Pandemic Unemployment Assistance

This brings us to the stimulus bill’s Unemployment Insurance provisions. While there are many reasons to criticize the CARES Act, its U.I provisions are not among them, because this bill provides for nothing less than a revolution in U.I, both in terms of eligibility and benefit levels.

To start with eligibility, the bill truly casts a wide net, taking in not only the traditionally-employed who’ve always been the main constituency of U.I, but also the underemployed and part-time workers, “freelancers, furloughed workers, and independent contractors.” It does this both by expanding loopholes in the base U.I program that were previously established for natural disasters and through the creation of a new “Pandemic Unemployment Assistance” program that ensures that workers who wouldn’t qualify even under the loosened state standards.

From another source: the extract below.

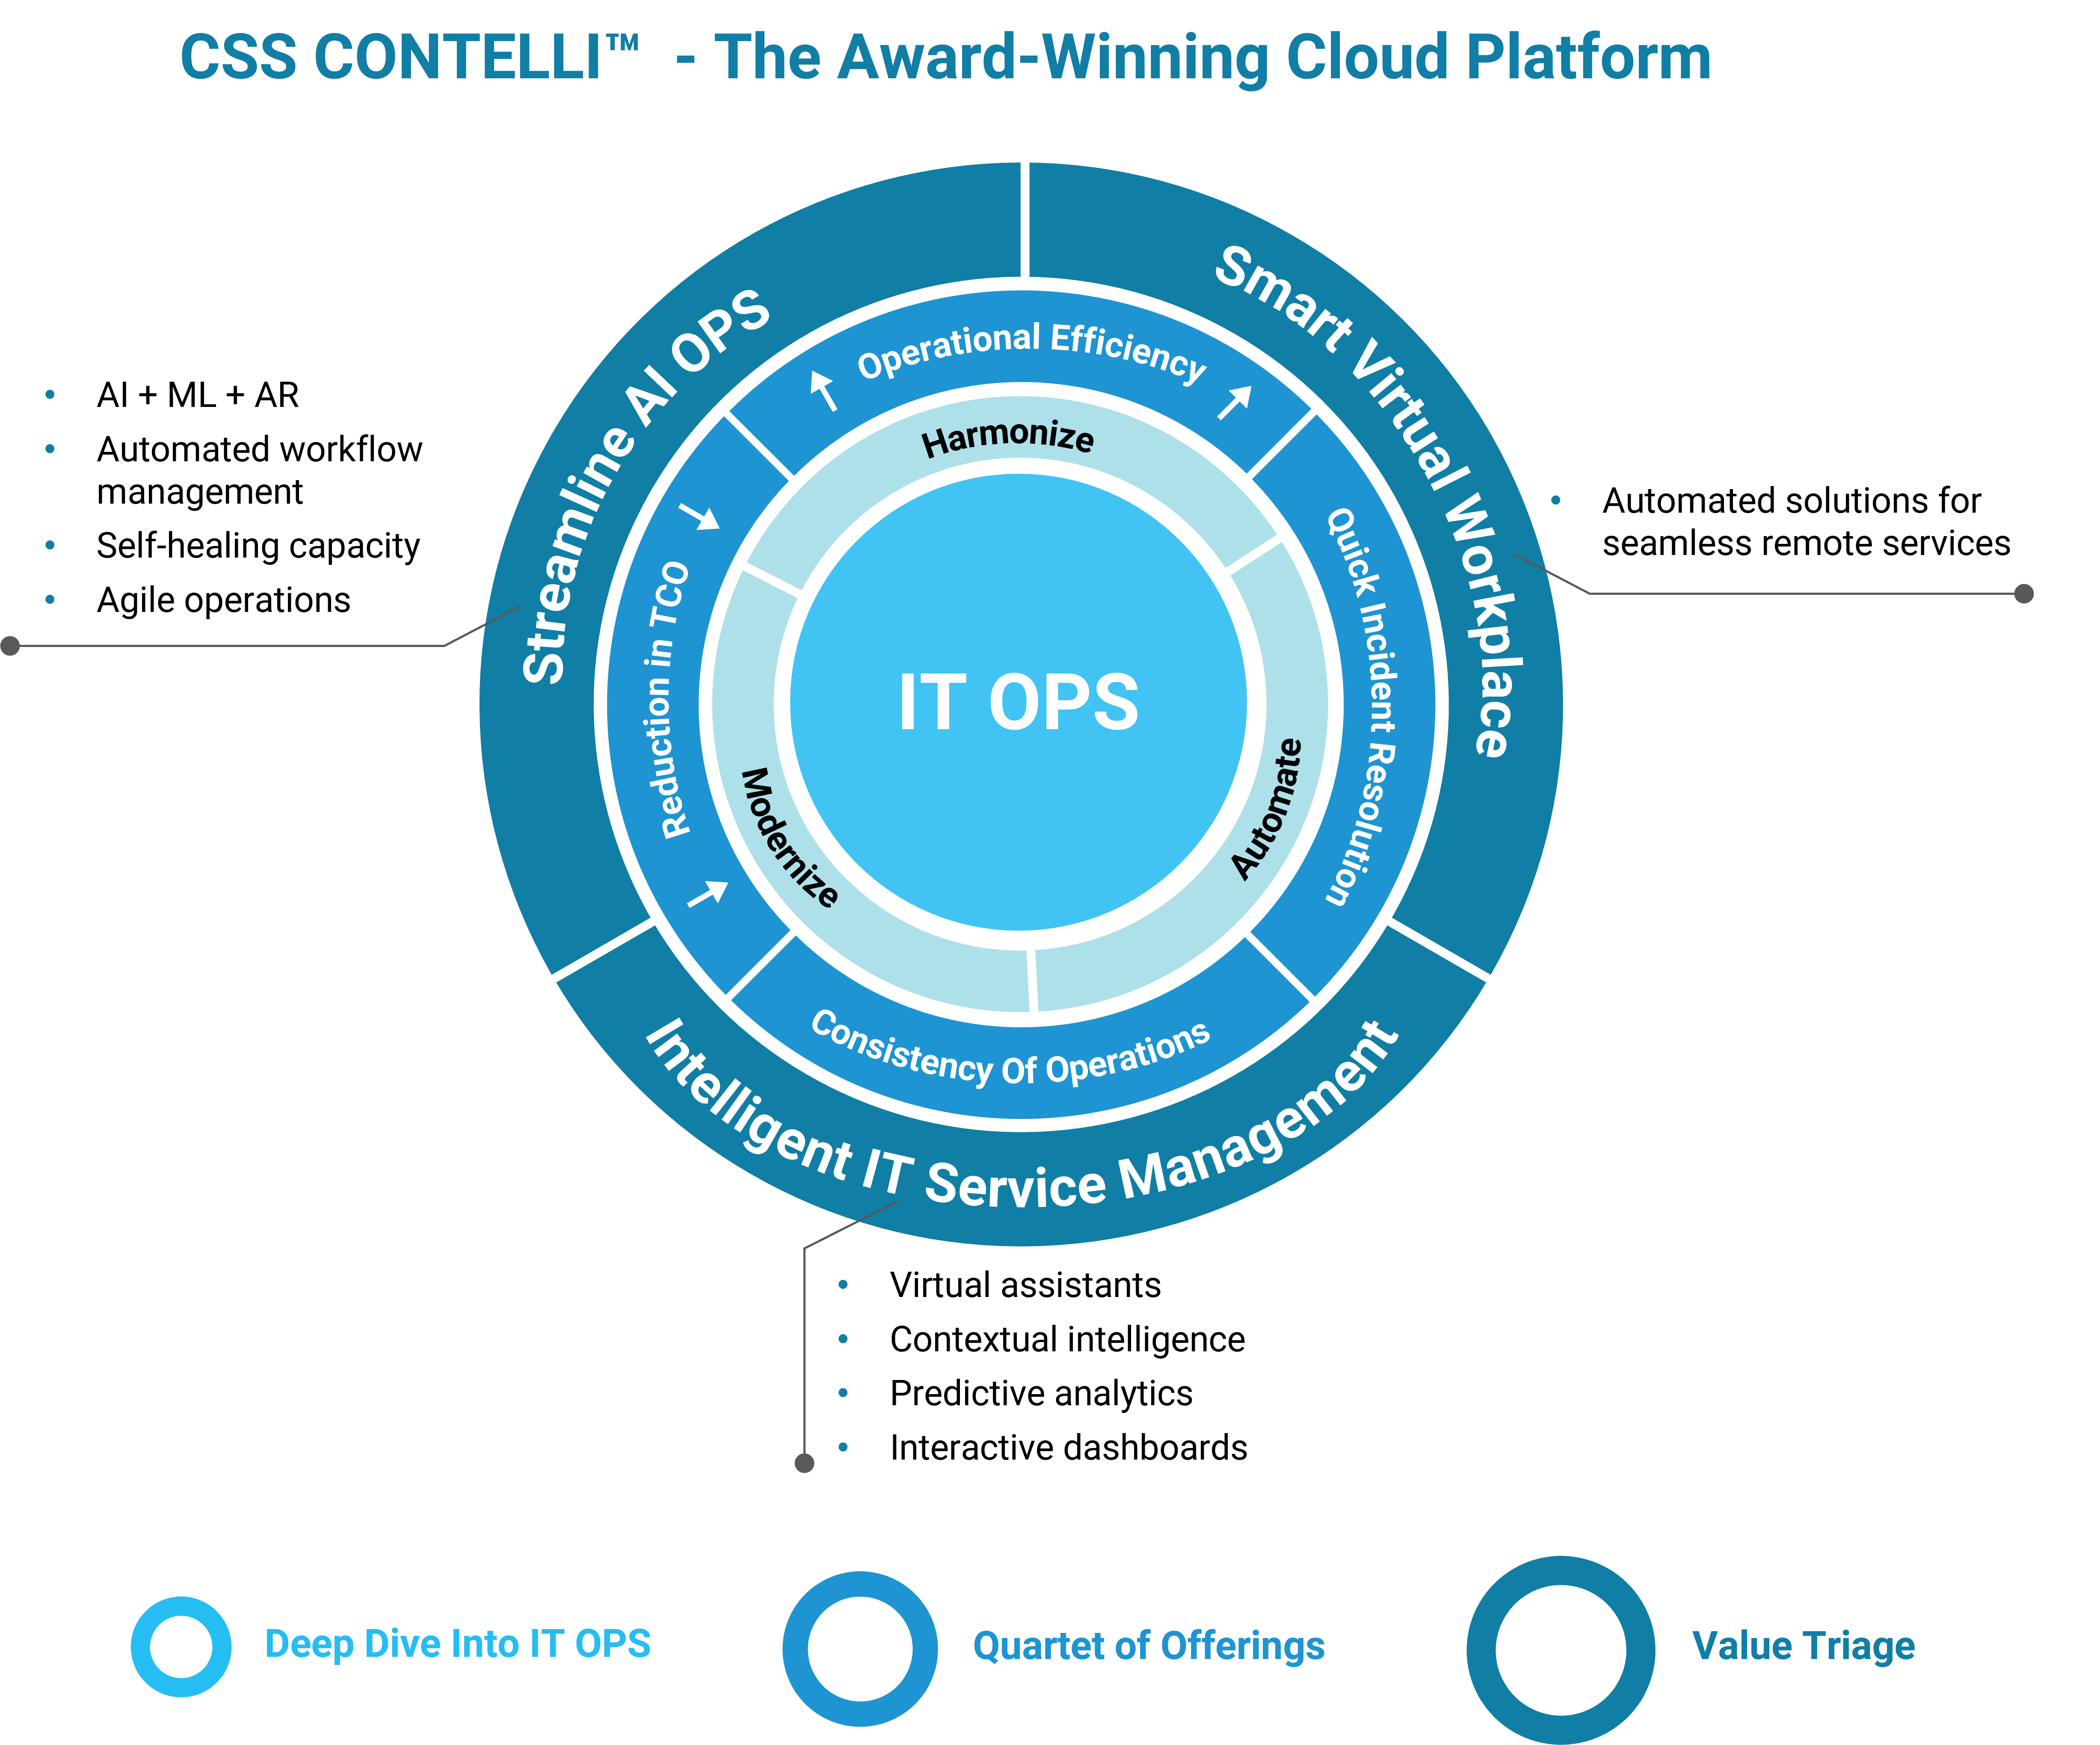 Award-winning cloud platform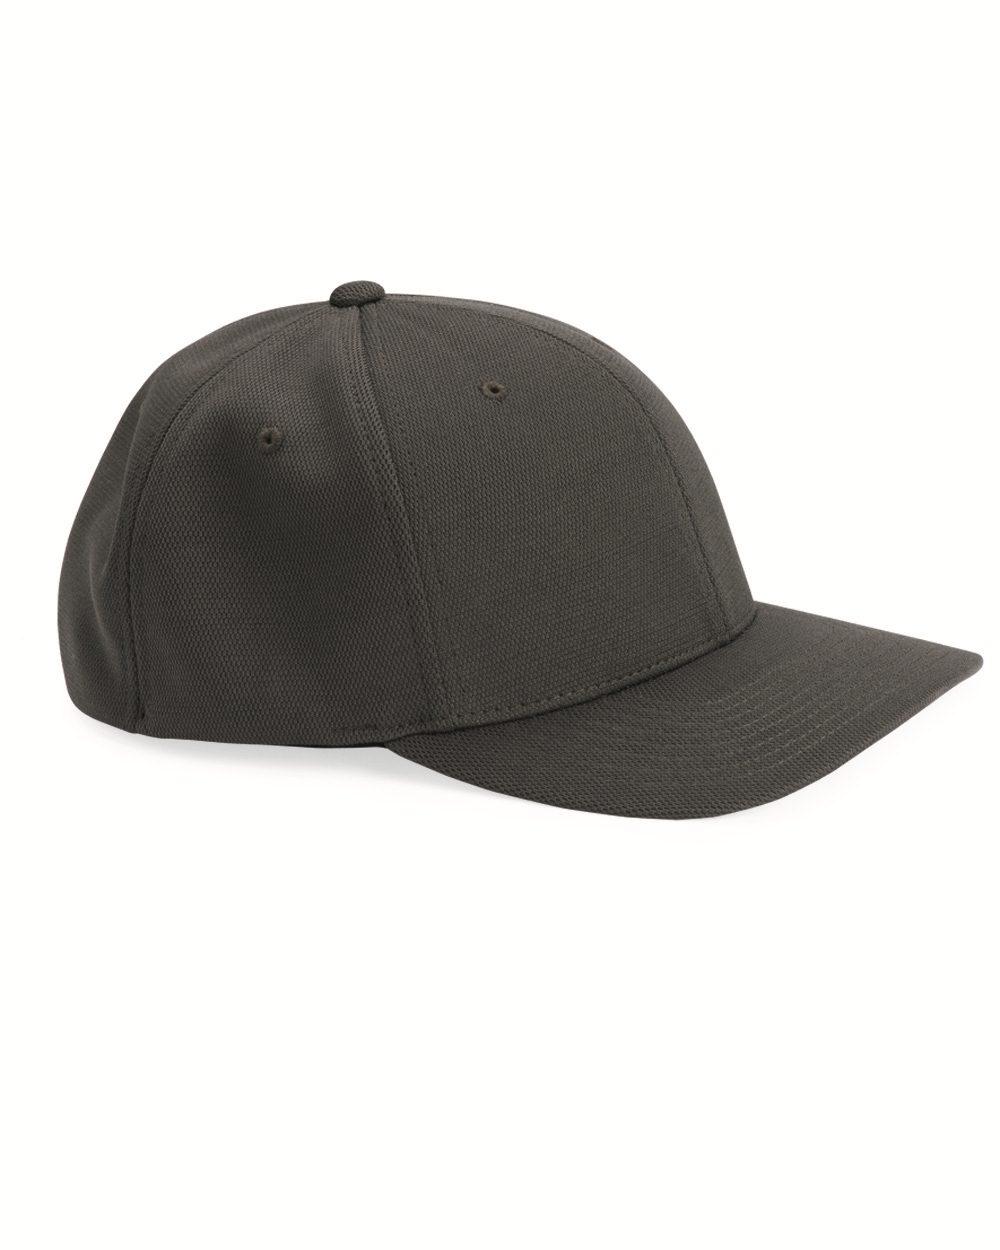 Flexfit Cool & Dry Sport Cap - 6597

Speaking of benefits, one of the most noteworthy aspects of the bill is that the Pandemic Unemployment Assistance program acts as a national federal benefit, providing “a weekly payment equal to one-half of the state average unemployment benefit plus $600,” which workers will receive either on top of or in lieu of state benefits. Given that the state average benefit worked out to $385 a week, Pandemic Unemployment Assistance would double benefit levels, meaning that Unemployment Insurance would go from replacing about 40% of one’s former income to about 85%.

In other words, it took a pandemic to transform Unemployment Insurance into an actual automatic stabilizer, the kind enjoyed by the rest of the developed world. Once the four months is over, once the $260 billion in Federal subsidy has been spent, more work will need to be done to turn this temporary emergency program into the new permanent way of doing things.